> **DATA**

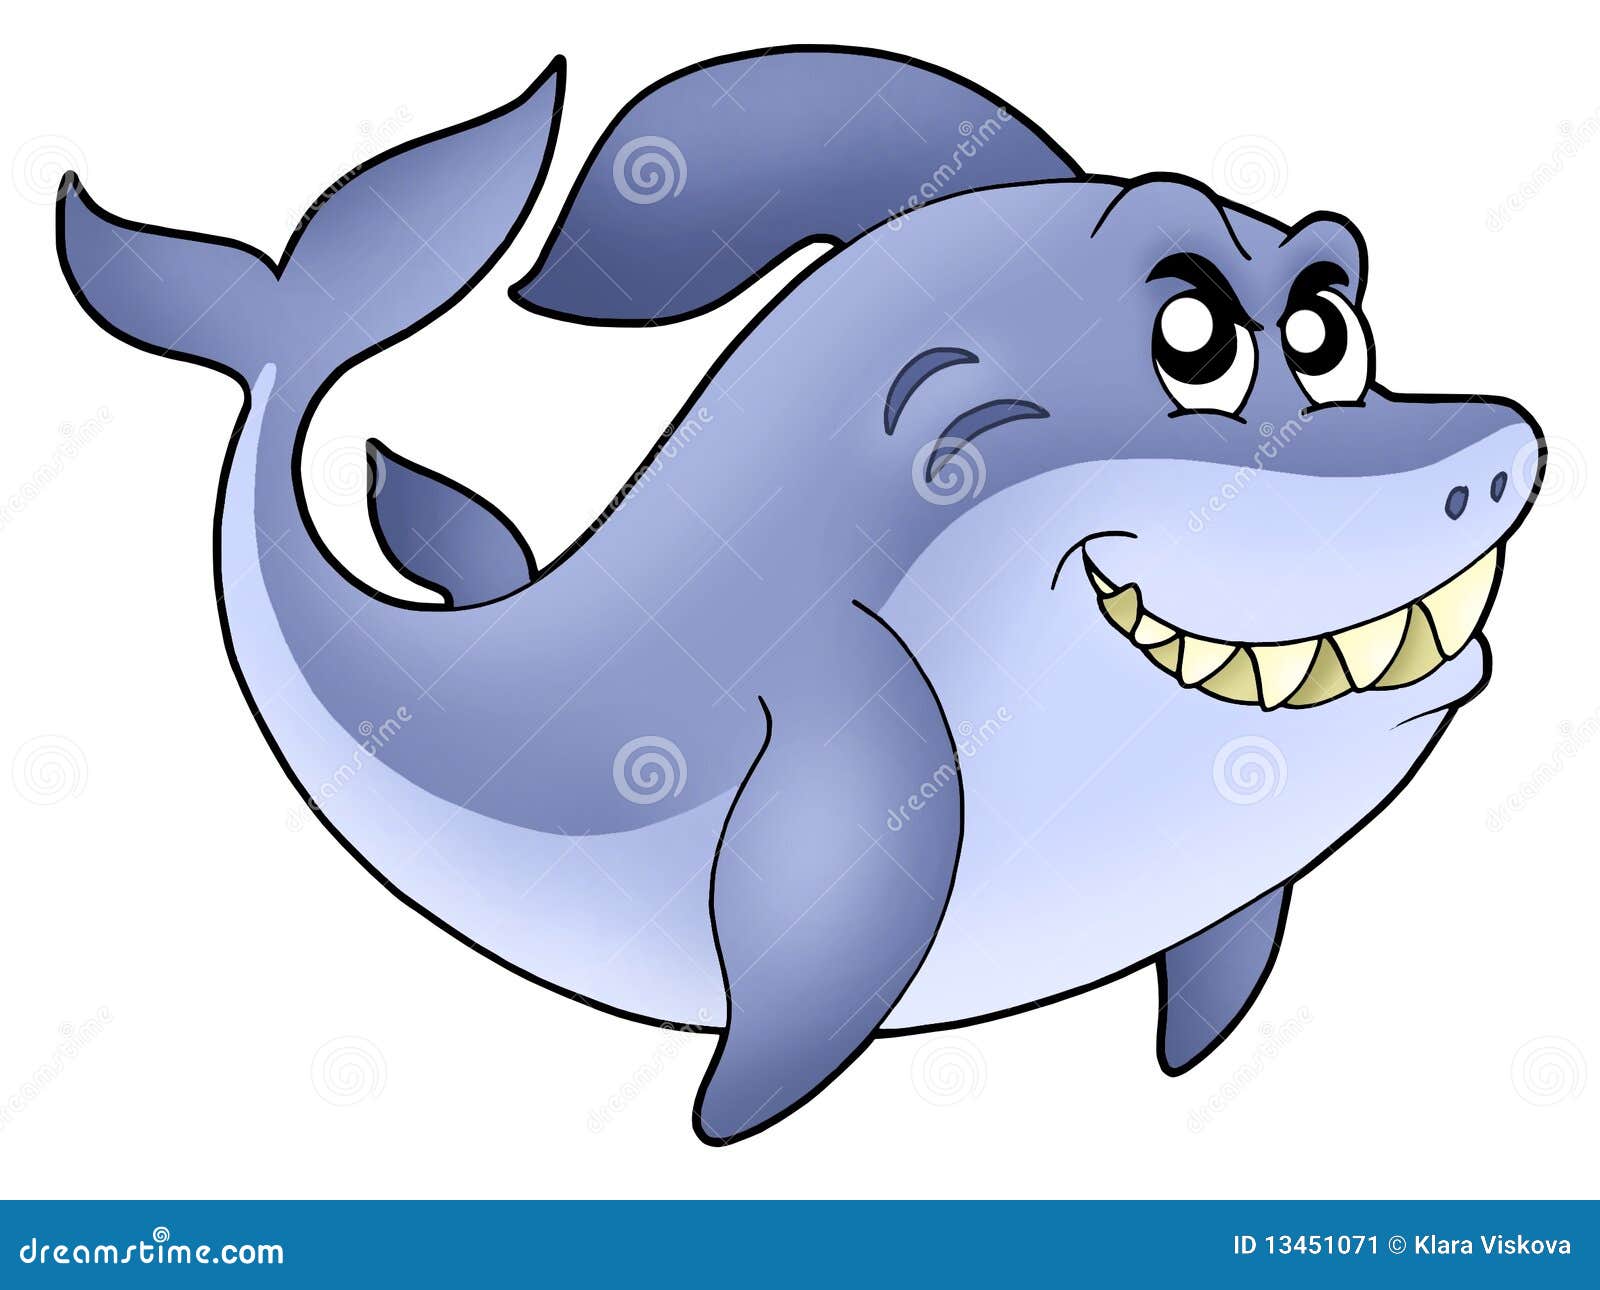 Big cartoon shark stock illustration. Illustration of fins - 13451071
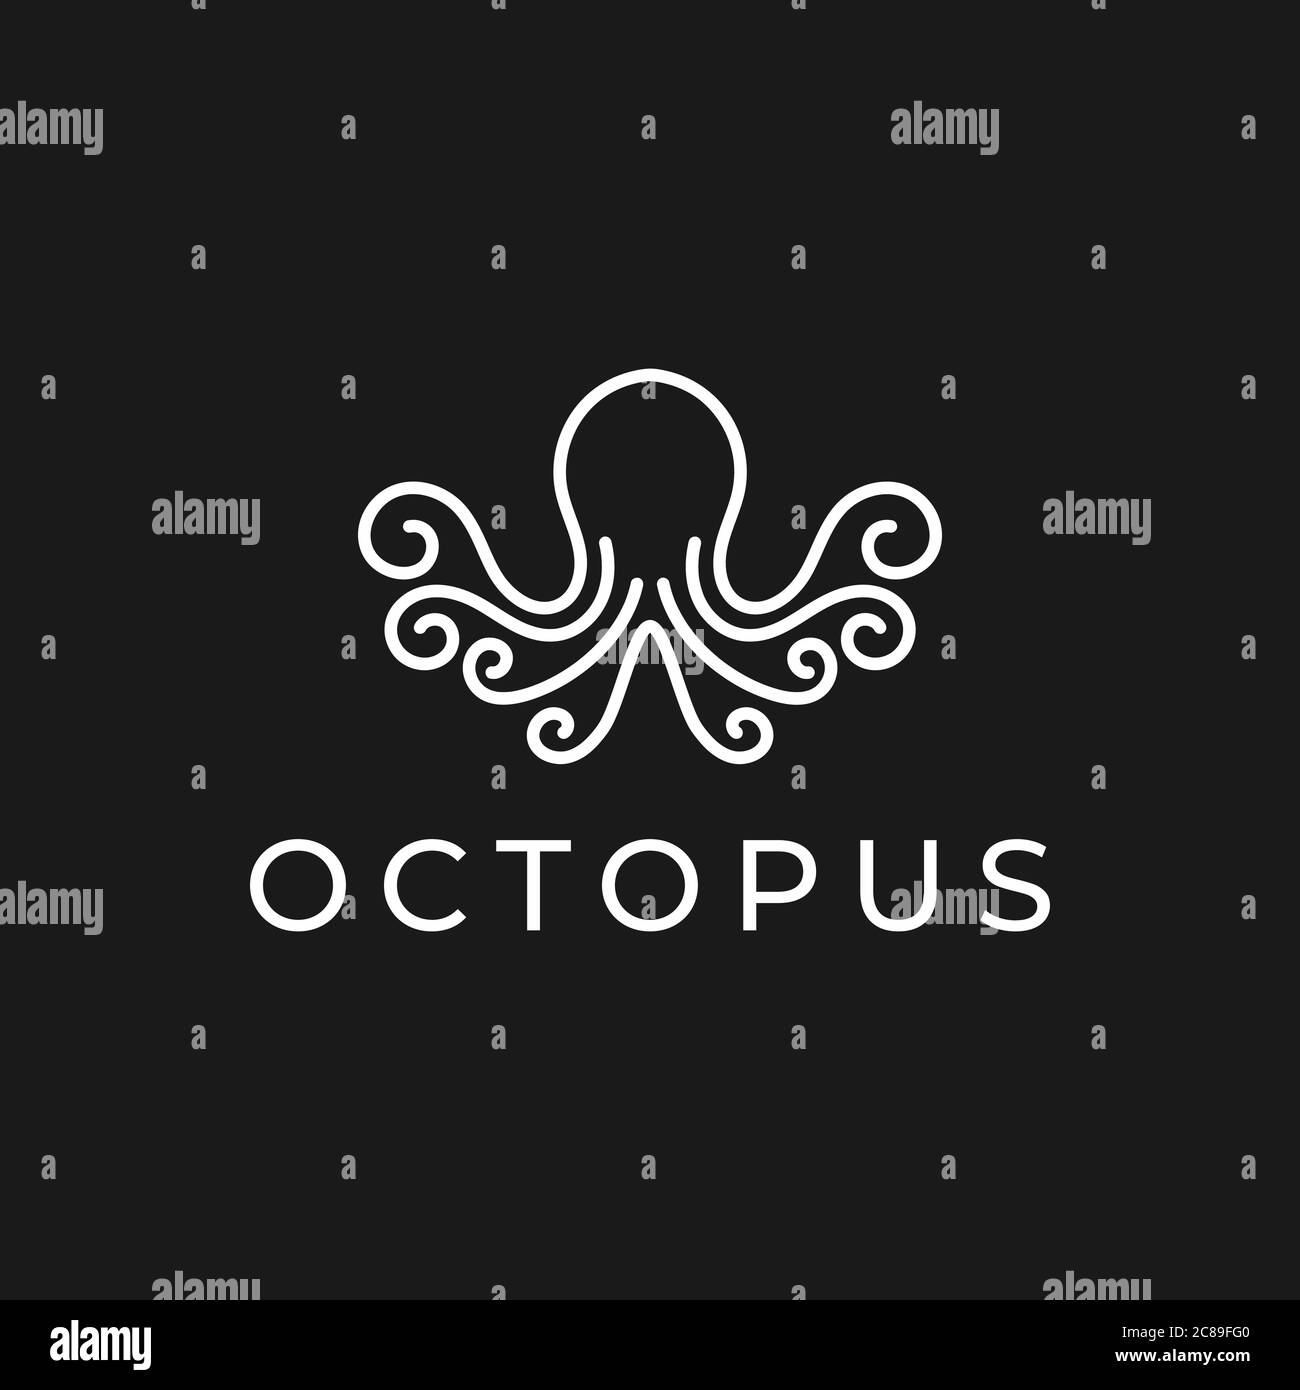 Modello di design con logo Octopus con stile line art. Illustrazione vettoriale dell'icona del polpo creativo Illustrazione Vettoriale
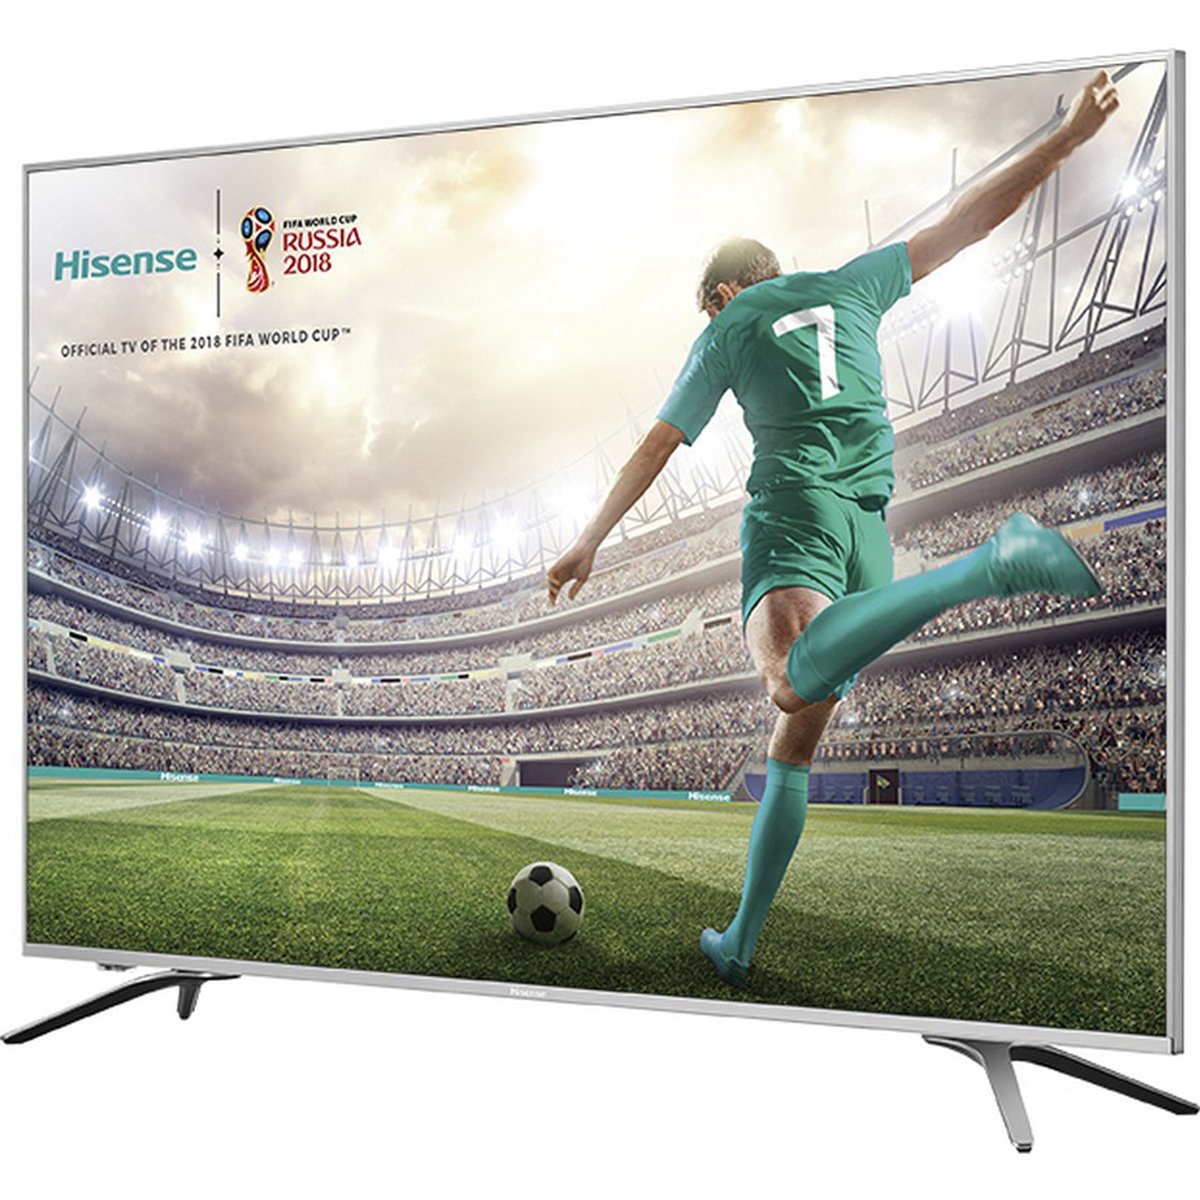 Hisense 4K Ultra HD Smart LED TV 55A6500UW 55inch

> **EXERCISE DIRECTIONS**
Go through the listing above and retype it exactly, skipping every picture.

> **WRITTEN RESPONSE**
 Big cartoon shark stock illustration. Illustration of fins - 13451071
 Modello di design con logo Octopus con stile line art. Illustrazione vettoriale dell'icona del polpo creativo Illustrazione Vettoriale
 Hisense 4K Ultra HD Smart LED TV 55A6500UW 55inch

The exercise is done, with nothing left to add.